Setelah ada hasil dari pemeriksaan penapisan berupa displasia, maka harus dilanjutkan dengan pemeriksaan kolposkopi dilanjutkan biopsi terarah atau pemeriksaan DNA virus HPV. Pengobatan displasia dilakukan setelah ada pemeriksaan hasil biopsi atau pemeriksaan DNA virus. Pengobatan displasia merupakan terapi pencegahan terjadinya kanker leher rahim. Prinsif pengobatan adalah destruksi lokal dengan pembekuan atau pembakaran. Terapi diet dan nutrisi digunakan untuk menjaga keseimbangan sistem hormon dan mendukung sistem imun. Diet untuk displasia serviks haruslah terutama vegetarian dan rendah lemak. Pada kasus displasi ringan yang memilih untuk tidak diobati, apusan papas setiap 3 bulan harus dilakukan untuk memantau kondisinya perbaikan sendiri atau progresif. Pada kasus sedang / berat dilakukan pengangkatan atau pengrusakan sel-sel abnormal serviks. Pengrusakan dilakukan dengan cryosurgery yaitu pembekuan, pembakaran dengan larutan trikhloroasetik. Pembedahan dengan laser juga dapat dilakukan seperti LOOP. Pembedahan konvensional pada kasus berat dapat dilakukan.

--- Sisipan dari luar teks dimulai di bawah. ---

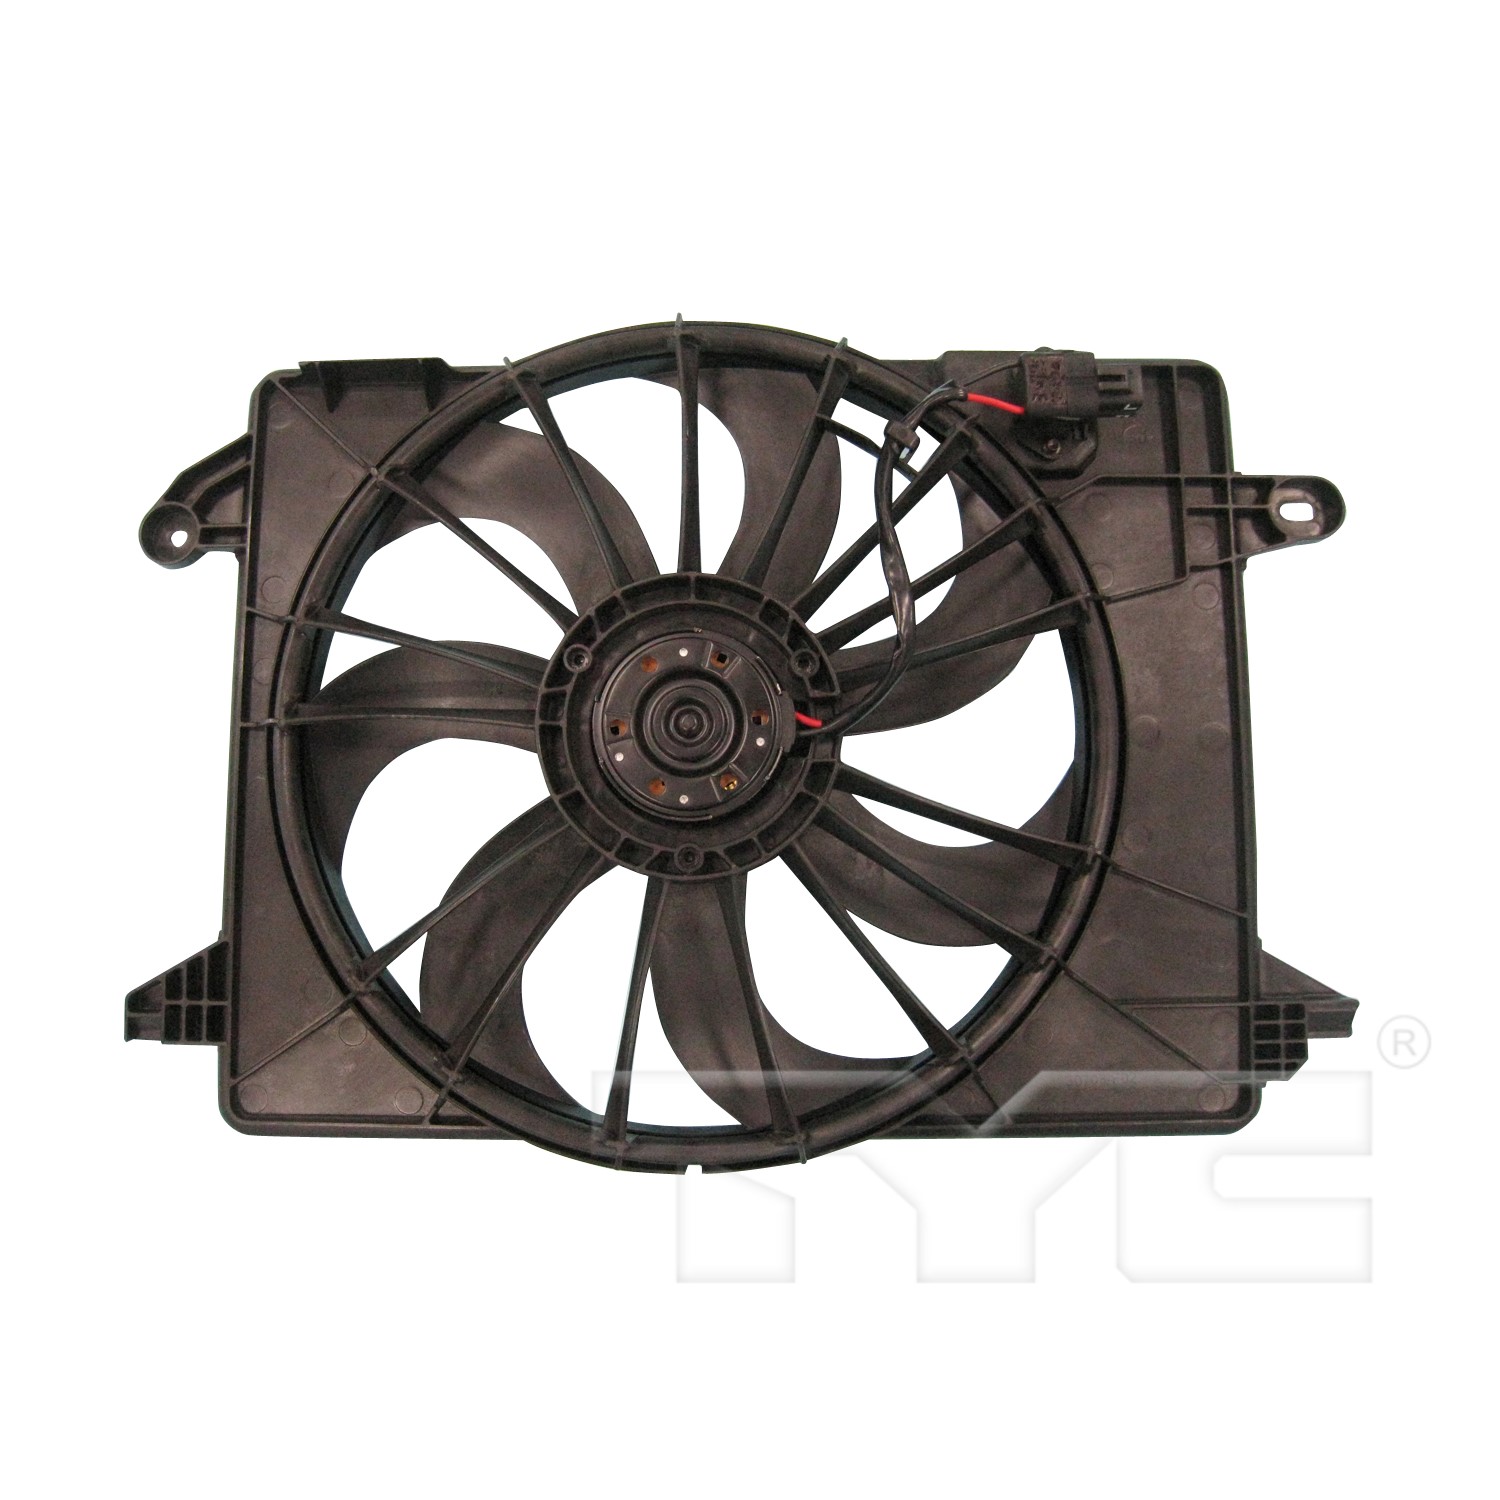 Aftermarket FAN ASSEMBLY/FAN SHROUDS for DODGE - CHARGER, CHARGER,09-14,Radiator cooling fan assy

HPV biasa disebut wart virus (virus kutil). Terdapat lebih dari 100 tife HPV yang telah diidentifikasi. Tife 16,18,31,33 dan 35 menyebabkan perubahan sel-sel pada vagina atau serviks yang pada mulanya menjadi displasia dan selanjutnya berkembang menjadi kanker leher rahim. Bahkan seandainya HVP tidak terdeteksi dengan apusan paps, 80-90 % tentu saja akan terdapat HPV jika anda terdiagnosis berbagai tife displasia. Umumnya virus HVP tertular melalui kontak seksual. Kondom dapat mencegah penyebaran berbagai penyakit, tetapi tidak HPV. HPV ditemukan pada semual jaringan genitalia dan kondom pada penis tidak dapat mencegah transmisi HPV. Virus dapat tinggal dorman pada serviks selama 20 tahunan sebelum ia menyebabkan wart atau perubahan pada sel. Jika dokter telah menemukan suatu abnormal apusan paps, anda mungkin bukanlah baru mendapatkan HVP.

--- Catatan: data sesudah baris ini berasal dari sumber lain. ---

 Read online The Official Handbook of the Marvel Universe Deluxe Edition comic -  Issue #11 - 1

Selain itu, untuk pencegahan dan penanggulangan penyakit kanker serviks, perlu diterapkan system terbuka. Yaitu system yang berasal dari masyarakat dan diperuntukan untuk asyarakat itu sendiri. Tentunya peran tenaga medis dan kesehatan sangat diperlukan dalam system ini. PMI, dinas kesehatan, pemerintah daerah, media massa, LSM, PKK, masyarakat serta bidan dan dokter sangat diperlukan dalam pencegahan kanker serviks.